Bluewater Trail Public Art: Donna Marcus

donna-marcus-buoys

When Donna Marcus was approached to develop concepts for public art outside a new shopping centre in Mackay, she was aware of Mackay’s significant investment and interest in culture, particularly the program delivered by Artspace Mackay since the new gallery was built in 2003, and the public artwork developed by Fiona Foley for the Bluewater Trail along the Pioneer River.

Having lived in regional centres as a child, she knew the part that investment in cultural facilities may play in the civic life of the community. She was also drawn to the commission by the ambitious plan for Canelands Central. As a result she approached it with an innate appreciation of the potential of the new shopping centre for Mackay residents, “a space designed for people to use and to be”.

In this context, Marcus has created visually commanding sculpture that is also sympathetic to the “beautiful, simple void” of the interior architecture of the shopping centre.
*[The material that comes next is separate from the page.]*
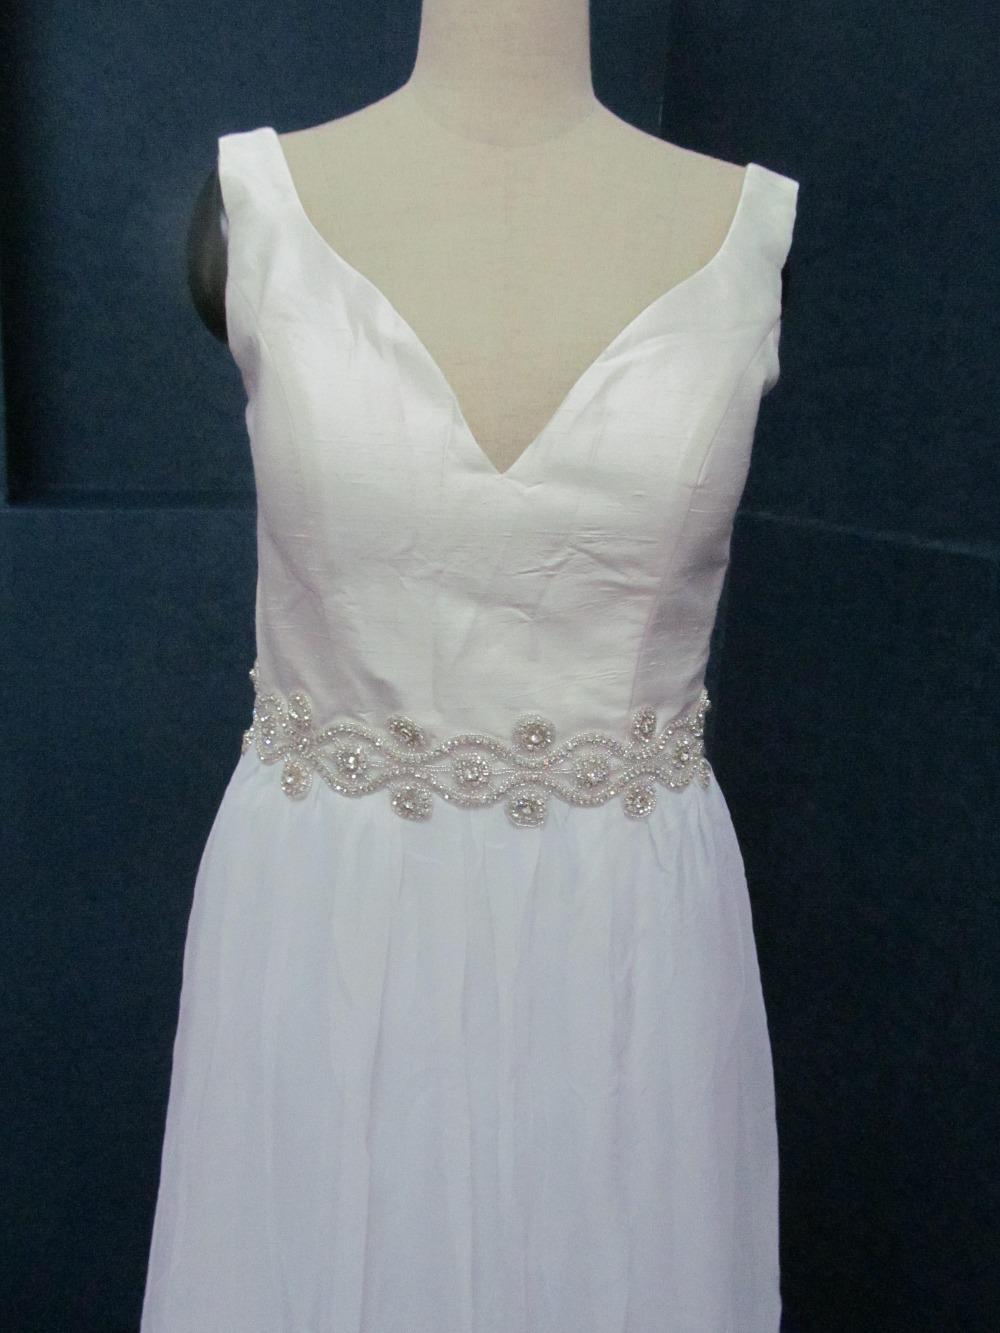 Fashion Sew On Cloth High QualityCrystal rhinestones Mesh Trim Silver 5yards wedding belts Sashes swarovski rhinestones Applique(China (Mainland))

The design of the building, by Lend Lease architect Darren Kindrachuk, was influenced by the rural and industrial structures that have been so important to Mackay and this resonates strongly with Marcus’s sculptures. Constructed to her specifications from marine buoys, they are utilitarian in materials yet anchored to both the community’s vibrant economy and its ties to the sea. The layers of ideas float as far and wide as universal consumption and the ethics of modernism.

The siting of these colourful beacons also creates a visual link between the populated shopping centre and the Pioneer River that takes Mackay to an international market. They speak both to the history of the city and, aesthetically, to the contemporary concerns in Foley’s large-scale public art works along the Bluewater Trail.